For both Boston and Seattle, the number of bedrooms and the entirety of the property being rented out to the guest (as opposed to sharing with the host or other guests) were by far the biggest factors in predicting the price. In Boston, for example, renting the entire property was approximately 6.5 times more important for the price than the property having air conditioning.

Plot of actual vs predicted price

Boston:

Seattle:

Does location play a large role in setting the price?

The distance from downtown that I calculated for each property turns out to be a very strong factor in price also - the further from downtown, the lower the price, in general. In Boston, it has just under half the effect that renting the entire property has; in Seattle it’s about one-third.

In both cities, the distance from downtown was the largest single negative factor on price - i.e. that the further from downtown the property is, the lower the price. In Boston it was nearly three times more influential than the next largest negative factor (being located in the Dorchester neighbourhood). It was relatively less powerful in the Seattle model, where it was only slightly more influential in decreasing price than the property being an apartment.

While this model is definitely nowhere near production-ready - it predicts negative prices for some properties in Boston, after all - I believe it shows that the bones of a good pricing suggestion model are there in this data. The actual model in use for Smart Pricing etc. is almost certainly more complicated than the simple linear model I used, and uses more factors.

Relative influence of Miles From Downtown relative to other factors (higher = more influence)

Boston:

Seattle:

How can the model be extended?

More factors that could go into the prediction might include current or predicted supply/demand of properties, the presence of particular keywords in the host-provided descriptions of the property, and the inclusion of more points of interest from which to calculate distance.

For example, there is a concentration of properties in a spot approximately 1.5 to 2 miles southwest of downtown Boston. These are all in the vicinity of Fenway Park, probably the most famous ballpark in the United States, and this data was scraped in early September 2016, with the Boston Red Sox imminently playing three series of games in the MLB regular season and an excellent chance of a home playoff series in October.

Other points of interest might be local landmarks - the Space Needle is close to the chosen spot for downtown Seattle, but still over a mile away - or beaches/the sea - Alki Beach Park in Seattle is 4 miles from downtown.

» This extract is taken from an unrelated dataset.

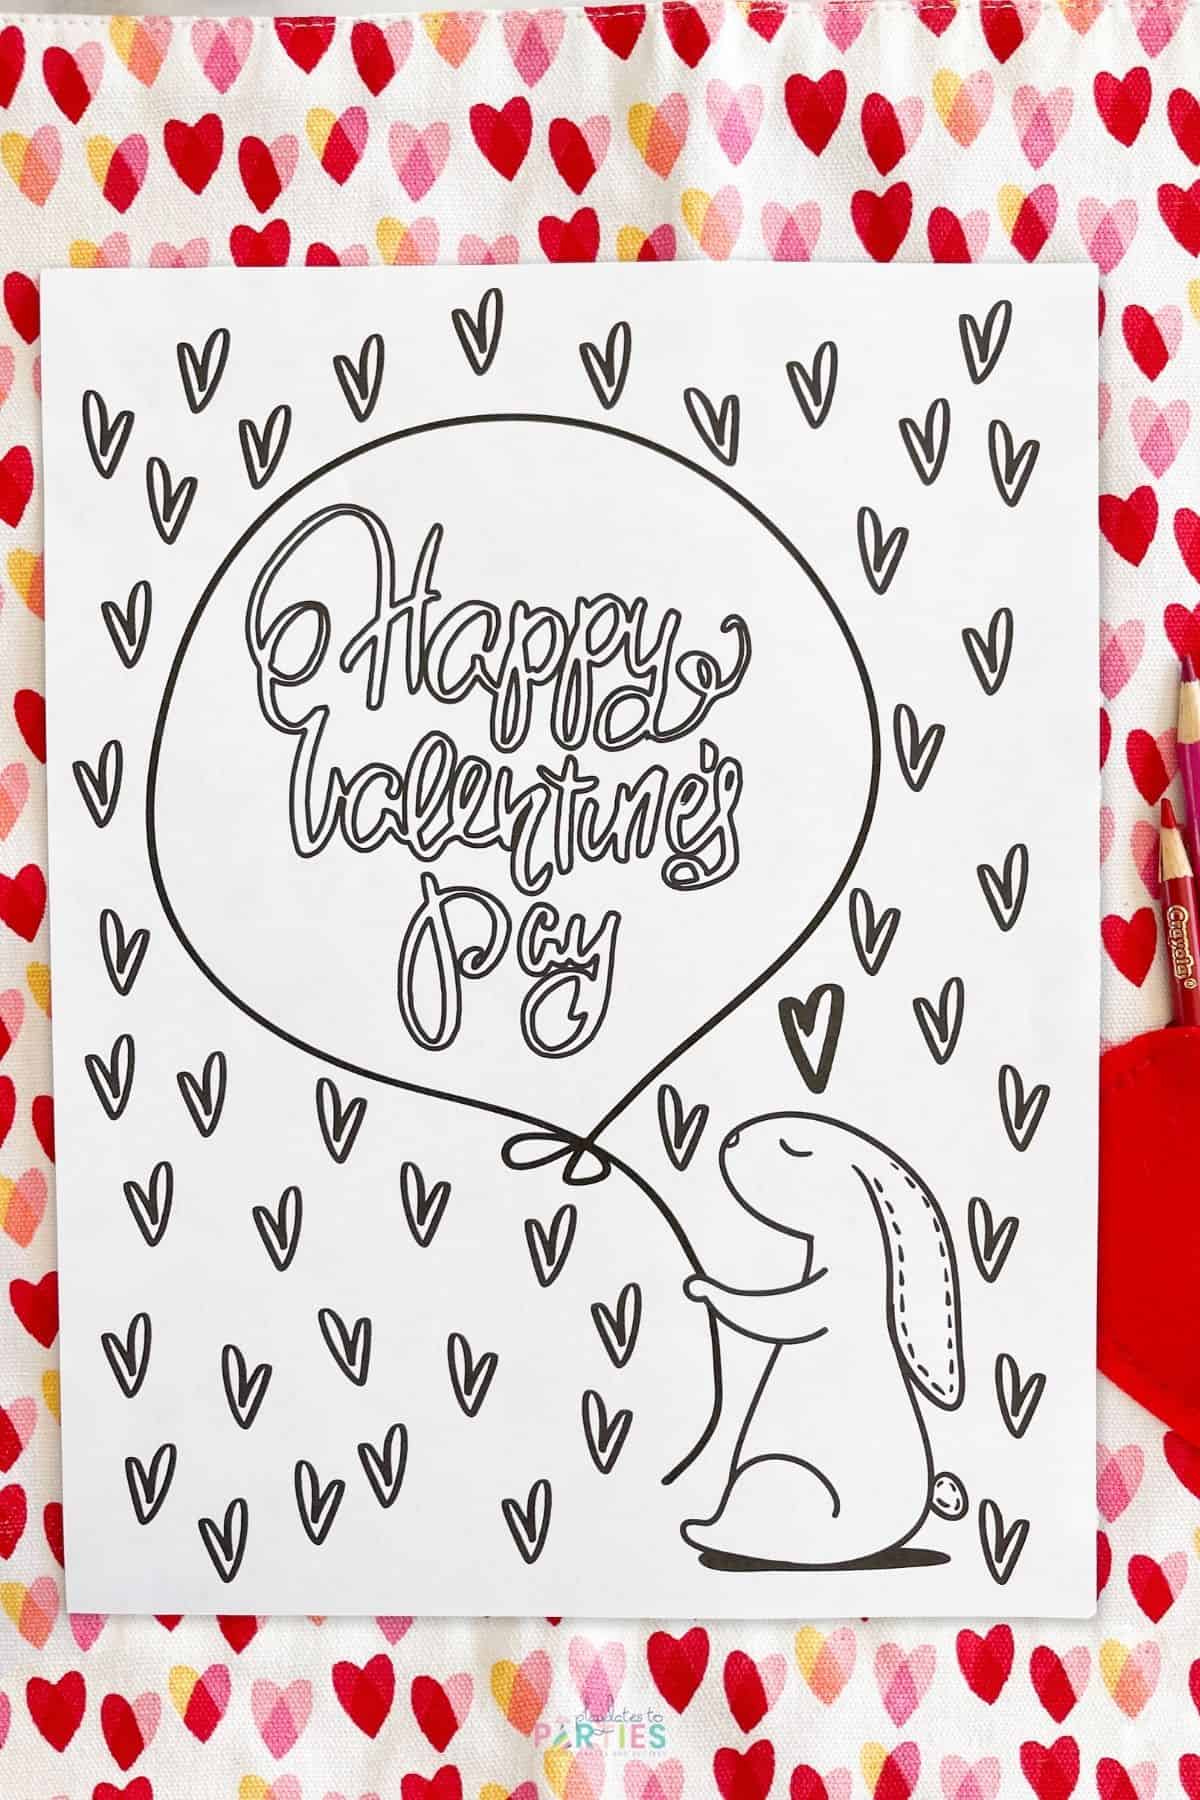 A blank coloring page that says Happy Valentine's Day on a balloon held by a bunny.

Alki Beach Park raises the possibility of an interesting change to the distance model. While it is 4 miles from downtown as the crow flies, it is around a 6 mile drive, and even further if using public transpot. And right now the West Seattle Bridge is closed long term for repairs, adding another 6 miles for the detour. It may therefore be more prudent to use travel time between a property and points of interest. It would be possible to implement this via implementation of a mapping API such as Google’s.